21. The Prosecution commented in their opening on
the States of Jersey Police Officers and their efficiency in being involved in
this operation. The Prosecution
commended them for their dedication and professionalism and, in particular, for
the conduct of the covert surveillance operation which they undertook and
which, there is no doubt, largely contributed to the outcome of the trial over
which I presided. The Court would
wish to endorse those comments and thank and congratulate the Police of the
States of Jersey for all their efforts in bringing these defendants to justice
and thereby reducing the incidence of importation of drugs into this Island.
Advocate Gollop, I would be grateful if you would convey the
Court’s comments to the appropriate authorities.

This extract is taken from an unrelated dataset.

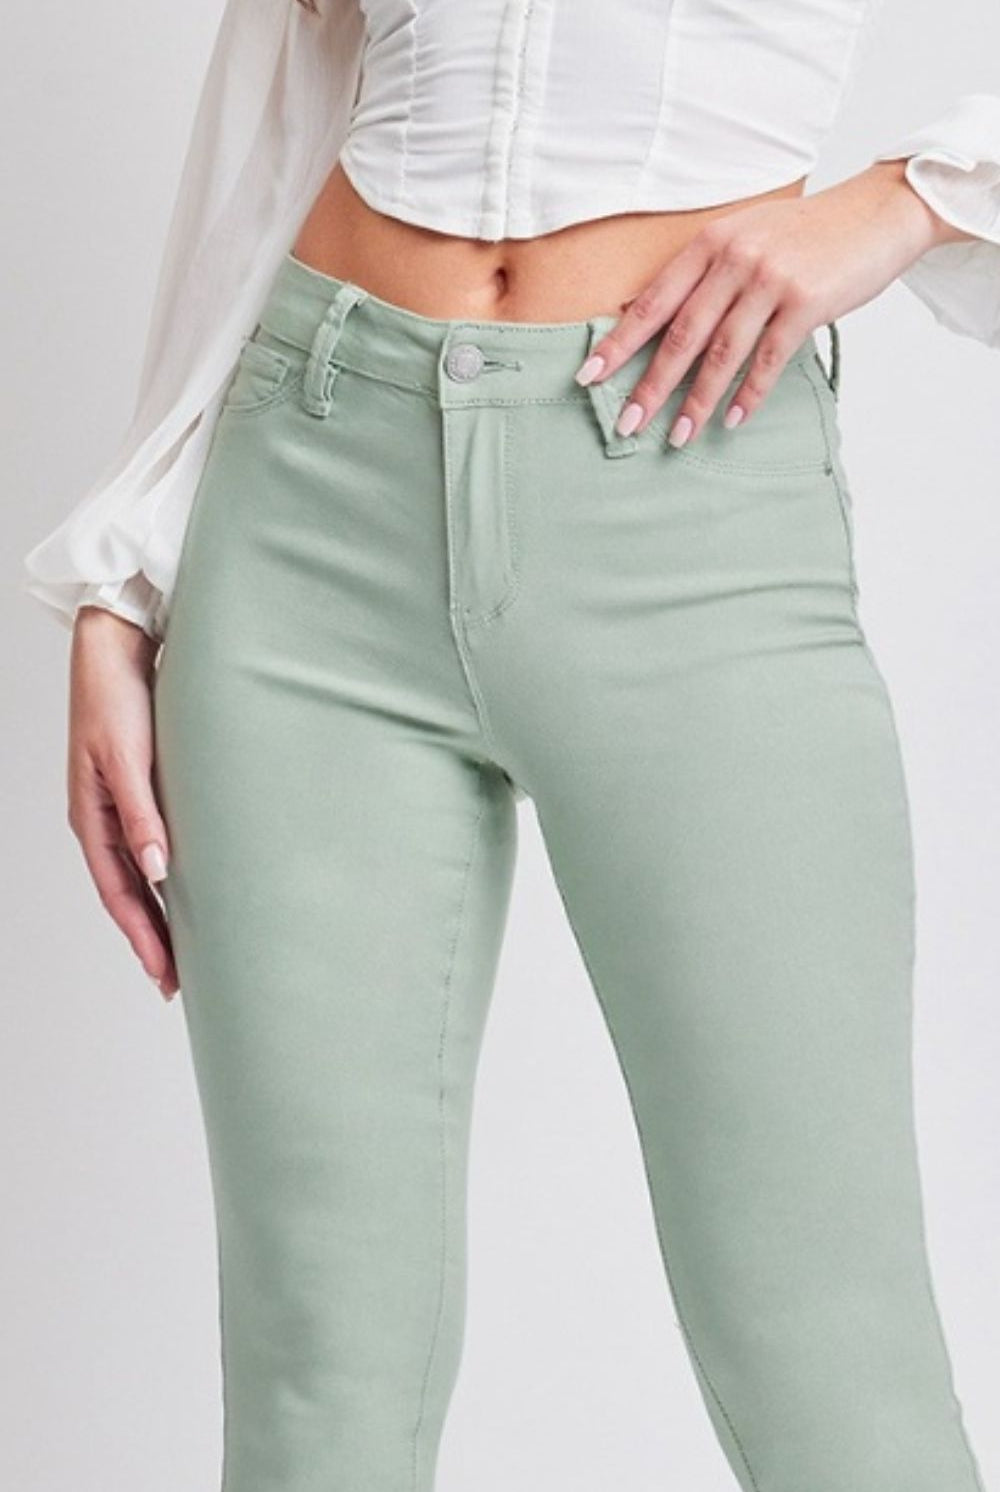 Model wearing stylish jade green mid-rise skinny jeans, exuding confidence and trendy vibes.
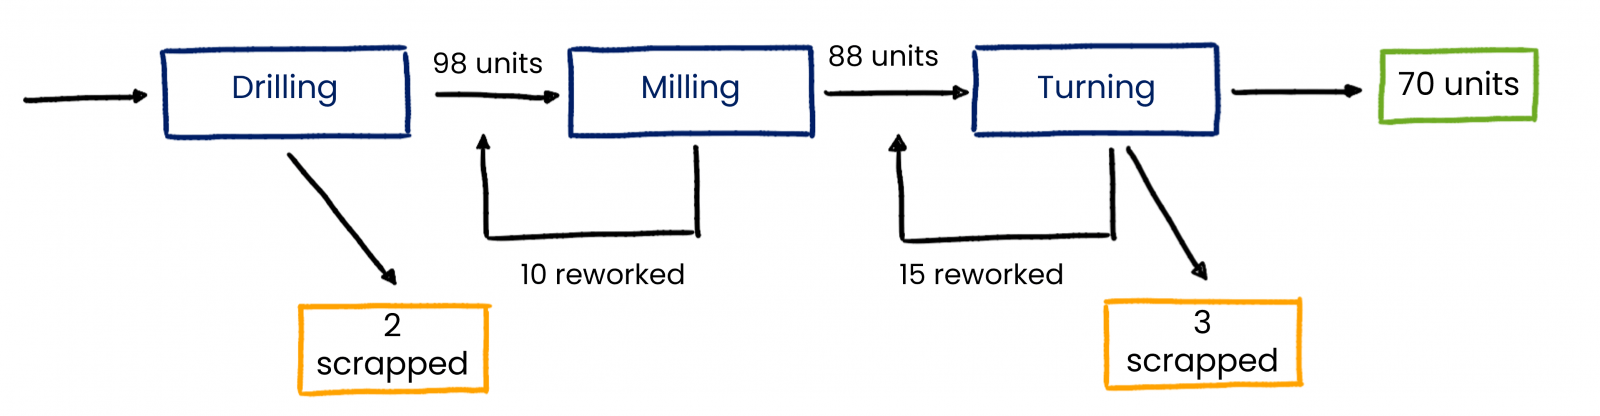 An example to calculate FPY, First Past Yield, when multiple processes are in a sequence.

22. I would like to thank all counsel for their
help and co-operation with the efficient handling of, not only evidence relating
to the interviews, but also of the covert surveillance transcript material. We were able, as a result, to conduct the
trial, I believe, in an efficient and expedient manner and I am grateful to all
counsel for that.
Authorities
Rimmer and Ors. –v- AG [2001]
JLR 373.
Welsh –v- AG [2002] JLR N. 16.
Morgan
and Schlandt –v- AG (24th
April 2001) Jersey Unreported; [2001/88].
AG
–v- Finnigan [2004] JRC016.
Conquer
–v- AG (4th
April 2002) Jersey Unreported; 2002/73.
Whelan: Aspects of Sentencing in the
Superior Courts of Jersey (2nd Ed’n): paras 139-51.
R –v- Aramah (1982) 4 Cr. App.
R. (S) 407.
R –v- Aranguren (1994) 99 Cr.
App. R.
AG
–v- Lascoumes (5th
April, 2002) Jersey Unreported; [2002/76].
AG
–v- Wootton [2003] JRC34.
AG
–v- Le Pavoux & Baumgartner [2003] JRC75.
AG
–v- Disbury, Presume & Bayliss [2004] JRC117.